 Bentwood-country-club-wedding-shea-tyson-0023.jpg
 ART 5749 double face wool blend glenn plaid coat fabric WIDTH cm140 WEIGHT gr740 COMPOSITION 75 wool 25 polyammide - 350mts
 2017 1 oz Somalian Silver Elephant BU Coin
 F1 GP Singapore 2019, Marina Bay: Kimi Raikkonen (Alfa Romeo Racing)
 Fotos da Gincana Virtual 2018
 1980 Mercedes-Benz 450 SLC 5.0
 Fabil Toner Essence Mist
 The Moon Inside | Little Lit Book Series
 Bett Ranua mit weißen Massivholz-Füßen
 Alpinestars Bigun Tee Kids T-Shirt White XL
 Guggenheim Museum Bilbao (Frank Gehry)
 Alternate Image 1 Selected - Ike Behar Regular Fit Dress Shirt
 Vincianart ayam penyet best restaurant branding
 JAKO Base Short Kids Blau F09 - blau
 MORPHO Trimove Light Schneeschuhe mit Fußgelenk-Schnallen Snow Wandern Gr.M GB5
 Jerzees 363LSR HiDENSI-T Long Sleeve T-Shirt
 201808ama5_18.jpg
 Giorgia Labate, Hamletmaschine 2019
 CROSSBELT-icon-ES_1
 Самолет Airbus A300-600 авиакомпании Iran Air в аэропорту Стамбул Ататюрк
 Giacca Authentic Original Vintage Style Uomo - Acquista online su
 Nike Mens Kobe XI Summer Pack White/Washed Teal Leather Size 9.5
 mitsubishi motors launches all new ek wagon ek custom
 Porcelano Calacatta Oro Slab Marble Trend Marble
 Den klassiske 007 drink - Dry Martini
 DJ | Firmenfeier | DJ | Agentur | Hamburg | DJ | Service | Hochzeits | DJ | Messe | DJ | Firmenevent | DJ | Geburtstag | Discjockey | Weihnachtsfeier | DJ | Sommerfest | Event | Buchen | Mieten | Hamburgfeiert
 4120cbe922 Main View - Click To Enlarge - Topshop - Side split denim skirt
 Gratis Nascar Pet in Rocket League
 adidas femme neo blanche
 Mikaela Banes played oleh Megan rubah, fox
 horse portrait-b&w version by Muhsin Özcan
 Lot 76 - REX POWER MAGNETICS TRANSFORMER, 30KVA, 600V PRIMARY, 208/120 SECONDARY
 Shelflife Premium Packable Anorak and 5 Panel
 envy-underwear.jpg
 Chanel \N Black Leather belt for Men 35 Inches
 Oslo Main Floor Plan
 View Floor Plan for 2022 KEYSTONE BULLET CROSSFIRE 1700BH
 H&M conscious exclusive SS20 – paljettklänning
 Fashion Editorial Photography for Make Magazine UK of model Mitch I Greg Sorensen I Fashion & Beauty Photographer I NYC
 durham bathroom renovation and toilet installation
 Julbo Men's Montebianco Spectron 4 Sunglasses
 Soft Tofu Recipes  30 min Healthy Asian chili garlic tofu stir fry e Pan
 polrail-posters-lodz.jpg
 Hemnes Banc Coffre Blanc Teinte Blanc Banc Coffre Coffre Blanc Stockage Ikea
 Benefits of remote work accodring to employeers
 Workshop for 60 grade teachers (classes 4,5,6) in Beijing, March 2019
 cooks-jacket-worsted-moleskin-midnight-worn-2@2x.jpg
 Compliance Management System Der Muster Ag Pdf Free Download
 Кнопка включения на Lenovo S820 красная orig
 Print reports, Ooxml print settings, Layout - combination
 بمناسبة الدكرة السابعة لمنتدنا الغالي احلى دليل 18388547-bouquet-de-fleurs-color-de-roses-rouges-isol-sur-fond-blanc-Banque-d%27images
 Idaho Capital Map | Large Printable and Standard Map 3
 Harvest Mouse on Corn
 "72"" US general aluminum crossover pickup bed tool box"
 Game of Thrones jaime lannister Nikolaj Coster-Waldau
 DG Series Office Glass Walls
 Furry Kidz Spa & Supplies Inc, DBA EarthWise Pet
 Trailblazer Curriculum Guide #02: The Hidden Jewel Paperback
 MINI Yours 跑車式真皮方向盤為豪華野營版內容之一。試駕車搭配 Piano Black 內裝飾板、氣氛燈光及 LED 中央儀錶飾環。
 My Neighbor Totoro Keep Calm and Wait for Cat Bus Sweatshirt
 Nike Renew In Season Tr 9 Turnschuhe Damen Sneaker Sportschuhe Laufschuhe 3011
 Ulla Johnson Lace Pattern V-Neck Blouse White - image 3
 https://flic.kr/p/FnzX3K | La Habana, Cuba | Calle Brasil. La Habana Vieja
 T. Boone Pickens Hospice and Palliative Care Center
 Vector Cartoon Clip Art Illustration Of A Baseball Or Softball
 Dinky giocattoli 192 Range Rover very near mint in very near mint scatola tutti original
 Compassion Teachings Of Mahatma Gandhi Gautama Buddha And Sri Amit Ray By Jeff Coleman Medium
·····
## WHAT THE TASK REQUIRES
In the listing above, find the line with "Porcelano Calacatta Oro" and the line with "4120cbe922 Main View"; output exactly those lines and all lines between them.

## ANSWER SECTION
 Porcelano Calacatta Oro Slab Marble Trend Marble
 Den klassiske 007 drink - Dry Martini
 DJ | Firmenfeier | DJ | Agentur | Hamburg | DJ | Service | Hochzeits | DJ | Messe | DJ | Firmenevent | DJ | Geburtstag | Discjockey | Weihnachtsfeier | DJ | Sommerfest | Event | Buchen | Mieten | Hamburgfeiert
 4120cbe922 Main View - Click To Enlarge - Topshop - Side split denim skirt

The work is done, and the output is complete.